主公率众抗击蝗灾,给百姓制衣御寒,又收纳江北灾荒之地,今又再得南阳,已民心渐附,此为人和。
主公已然占据天下大势,只需谋定而后动,无需急于求成。”
他上前一步,指尖点向地图之上的许都,沉声道:“首论曹操。
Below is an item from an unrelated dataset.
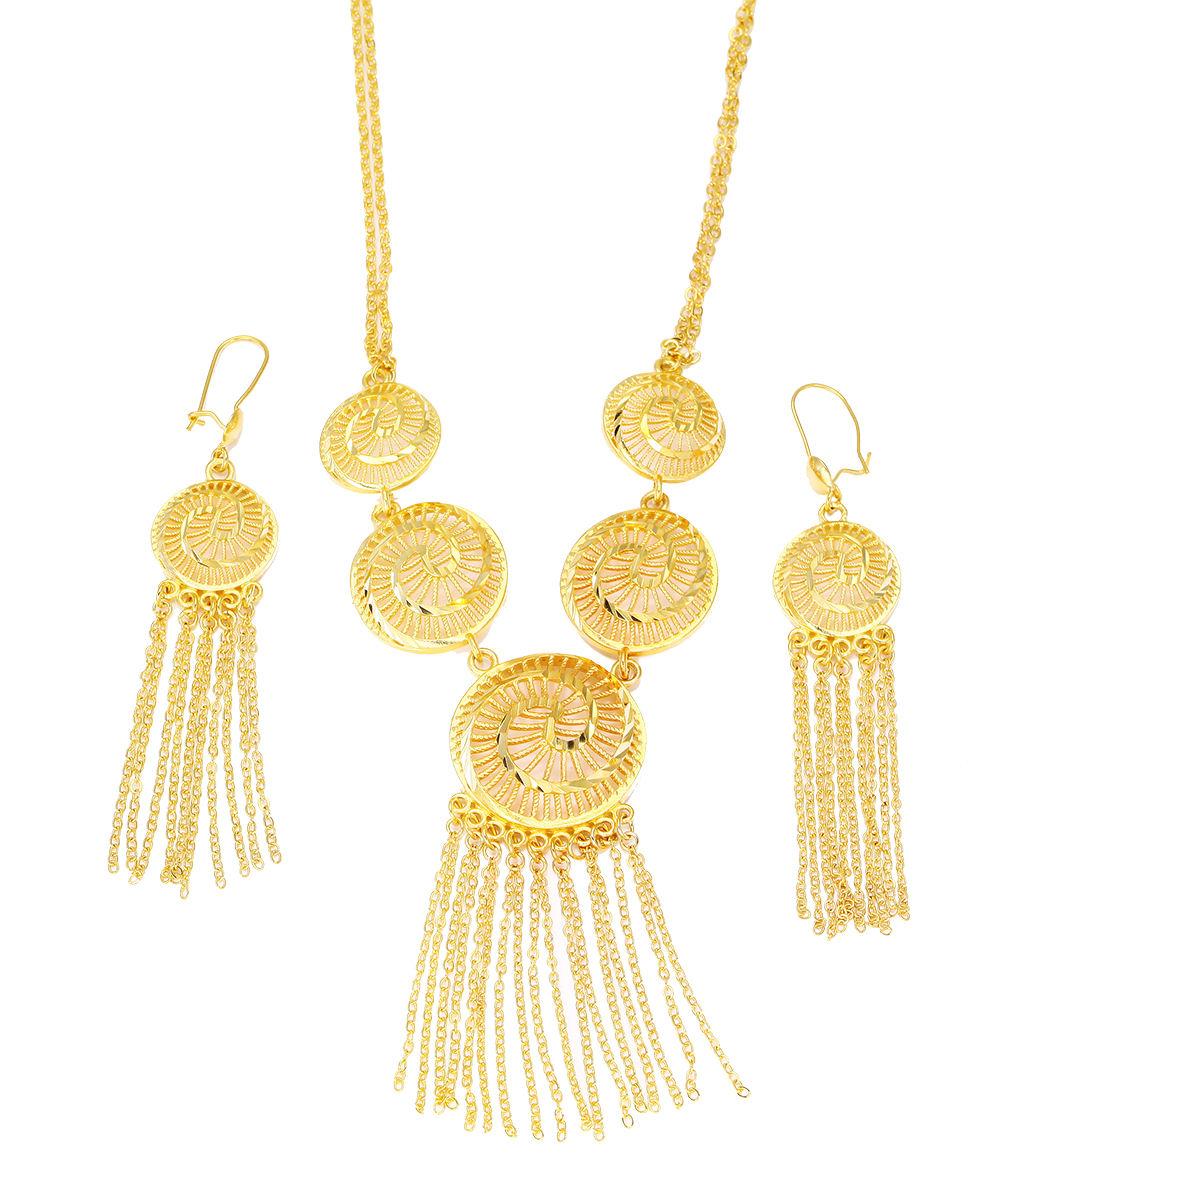 China India Gold Jewelry Set, China India Gold Jewelry Set

此人挟天子,看似占据道义,实则树敌众多,且其根基在兖州、豫州,与主公司隶、徐州、南阳接壤,乃是当下最直接之隐患。
但曹操此刻,已与河北袁绍暗生龃龉,早晚必有一场生死决战,主公万万不可先与曹操交恶。
曹操挟天子,是其之利器,亦是其之枷锁。
天下诸侯,皆视他为汉贼,主公只需尊天子,远曹操,不与他起正面冲突,静待他与袁绍鹬蚌相争,主公坐收渔利即可。
即便刘表为主公岳丈,荆襄之地,刘表年老,无四方之志,其子懦弱,不足为惧,主公可常以亲情笼络,稳住荆州,足矣。”
随即,贾诩指尖移向河北,语气冷峻:“再论袁绍。袁绍四世三公,河北之地广兵多,然此人外宽内忌,好谋无断,亲小人而远贤臣,虽势大,却不足为惧。
其与曹操,必有官渡一战,此战乃是天下大势转折点,主公只需在此期间,休养生息,整军备战,清剿后方隐患。
淮南袁术,称帝失道,众叛亲离,垂死挣扎,无需主公出兵,他自会覆灭,若其残部逃窜,顺势收纳,扩充兵力即可,不必大动干戈。”